Belizean Court upholds finding that LGBT people are protected by non-discrimination laws in a victory for human rights

The Court of Appeal of Belize delivered a judgment on 30th December 2019 denying the Belize Government’s appeal of a 2016 ruling that decriminalised adult consensual same-sex relations. SRT grantee the Human Dignity Trust made a submission in the case along with a range of national and regional organisations and the University of West Indies Rights Advocacy Project. These submissions supported the position that the Constitutional prohibition on ‘sex discrimination’ includes ‘sexual orientation discrimination’.

The Court reaffirmed the Belizean Chief Justice’s 2016 decision that Section 53 of the Belize Criminal Code – which criminalised ‘carnal intercourse against the order of nature’ – disproportionately discriminated against the LGBT community in Belize, in contravention of the constitutional rights to dignity, equality before the law, privacy, freedom of expression and non-discrimination on the grounds of sex, and thus was void in so far as it extends to consensual sex between adults in private. The Belizean Government was initially accepting of the 2016 decision, but later appealed following pressure from the country’s Roman Catholic Church.

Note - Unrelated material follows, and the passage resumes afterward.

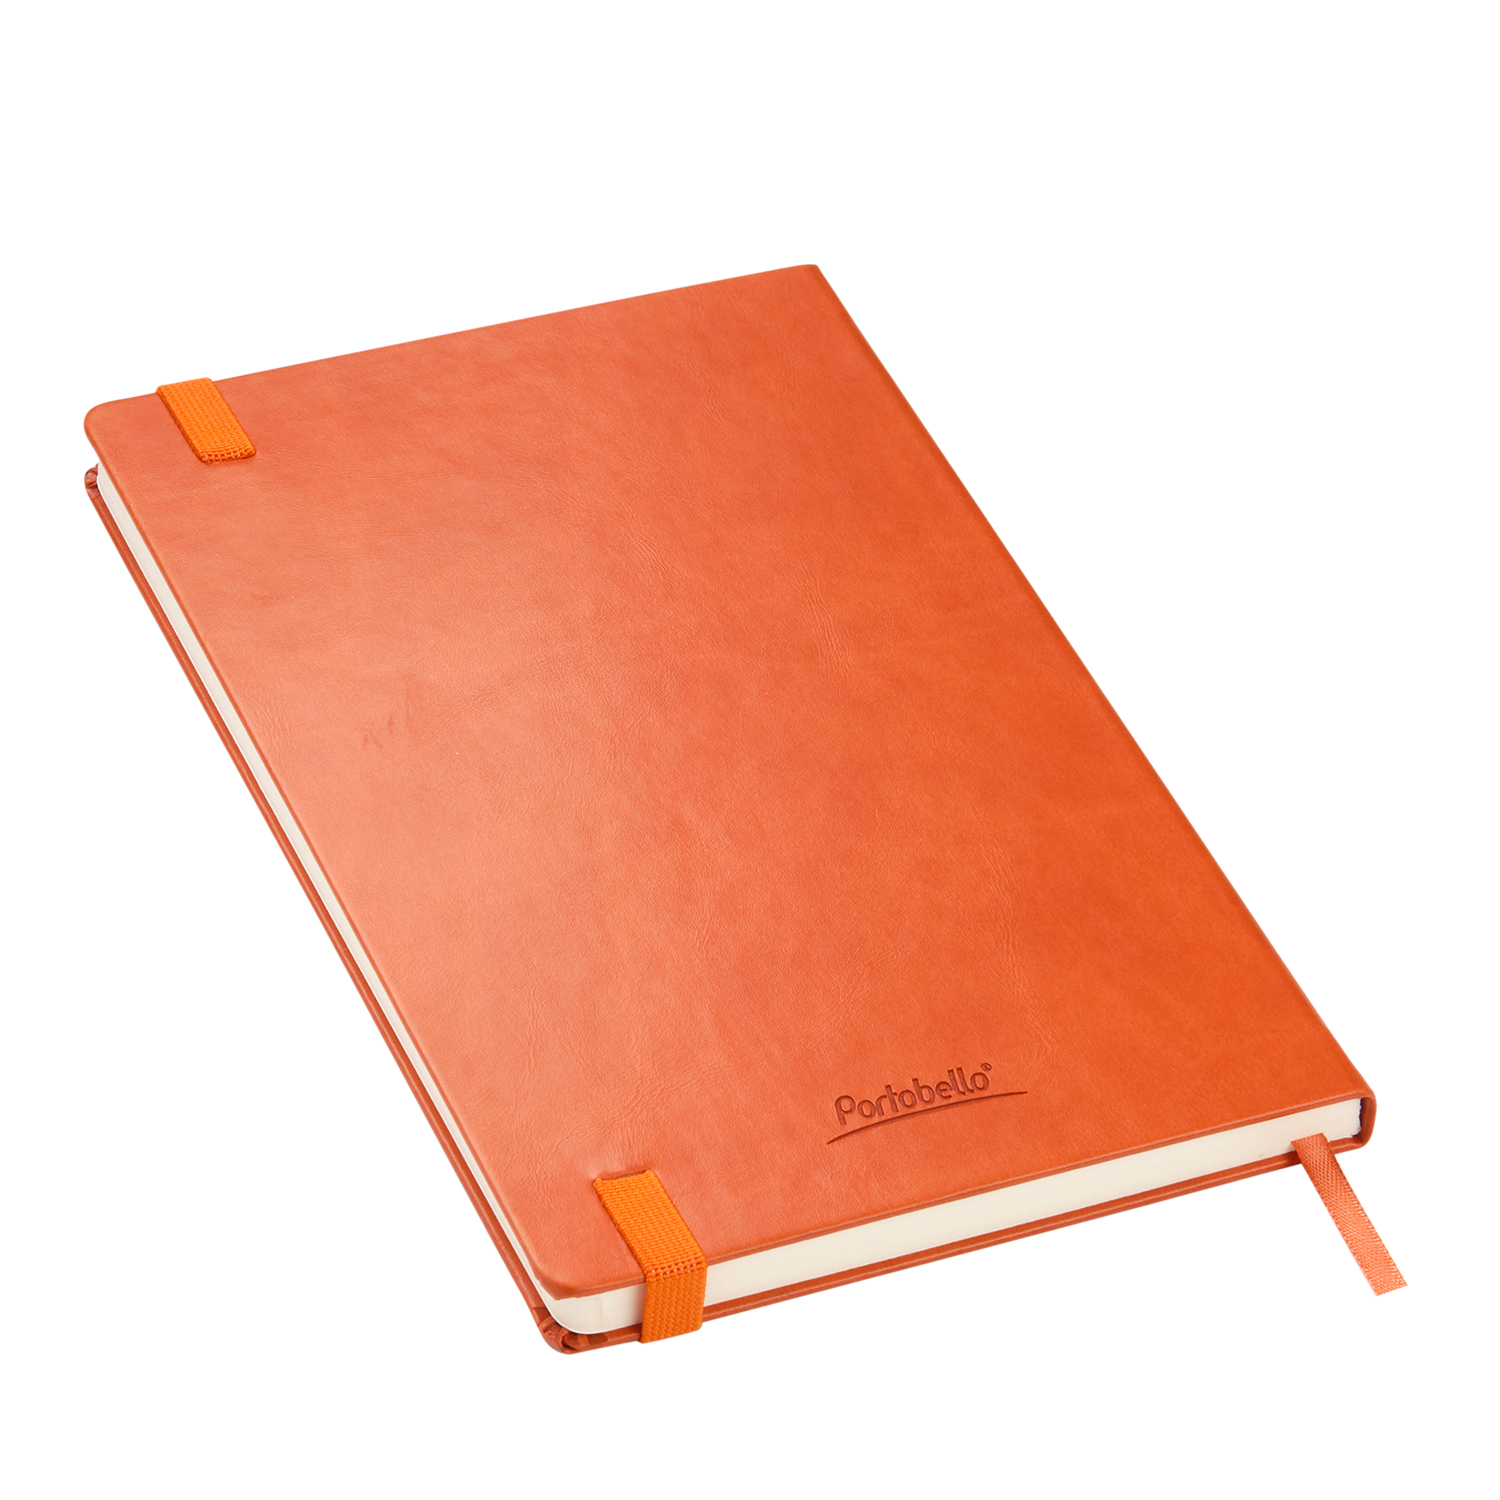 Ежедневник Portland BtoBook недатированный, оранжевый (без упаковки, без стикера)
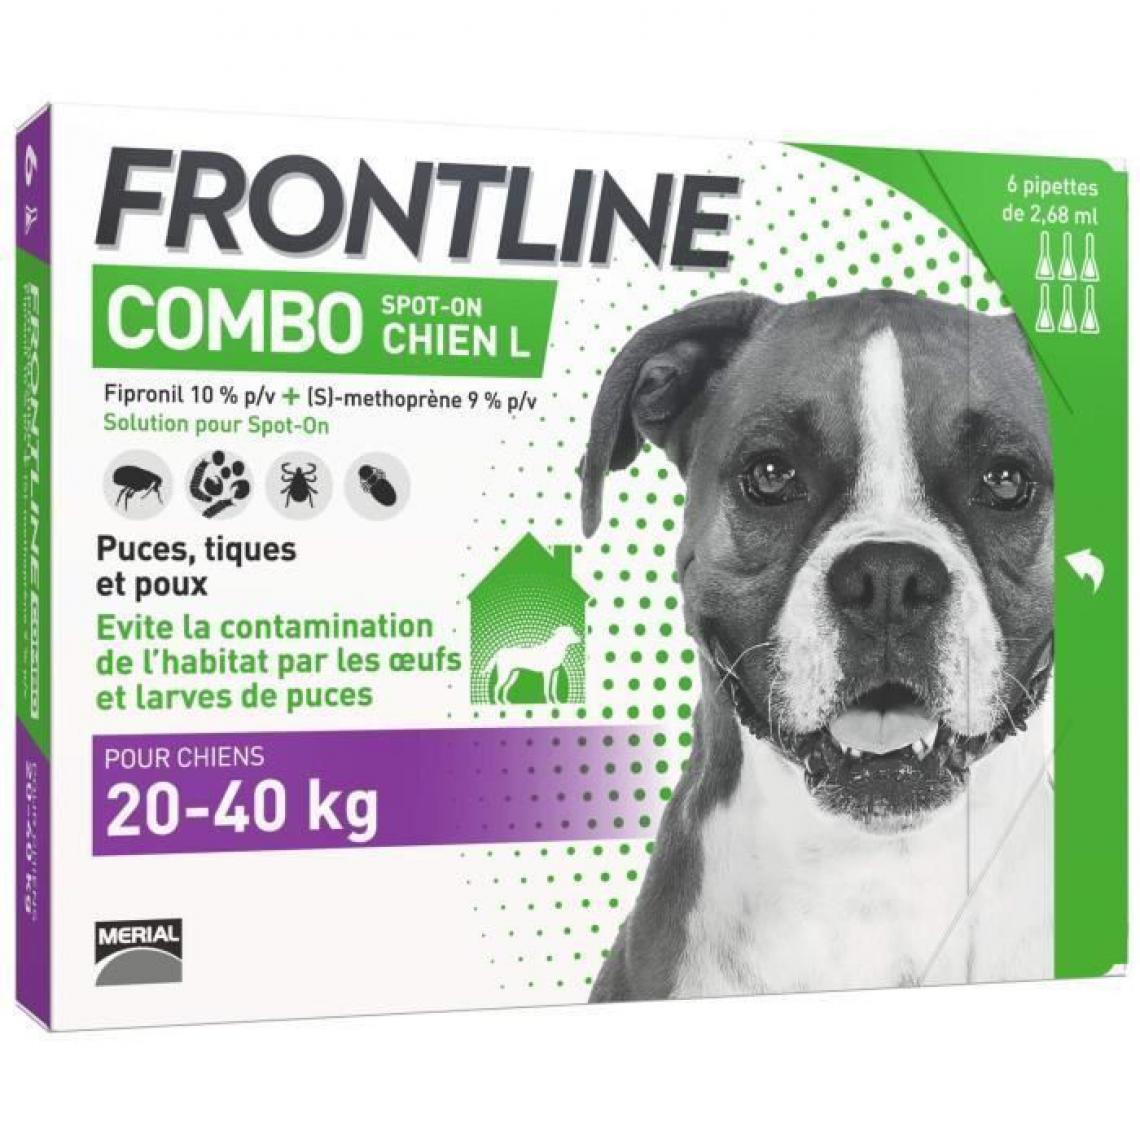 Frontline - FRONTLINE Combo chien 20-40kg - 6 pipettes - Anti-parasitaire pour chien

The Church filed an appeal against the entire 2016 ruling, which it withdrew in March 2018. Human Dignity Trust and fellow SRT grantee International Commission of Jurists jointly intervened along with the Commonwealth Lawyers Association in support of the Respondent in the case, Caleb Orozco of the United Belize Advocacy Movement, making successful legal submissions on the interpretation of sex discrimination and freedom of expression.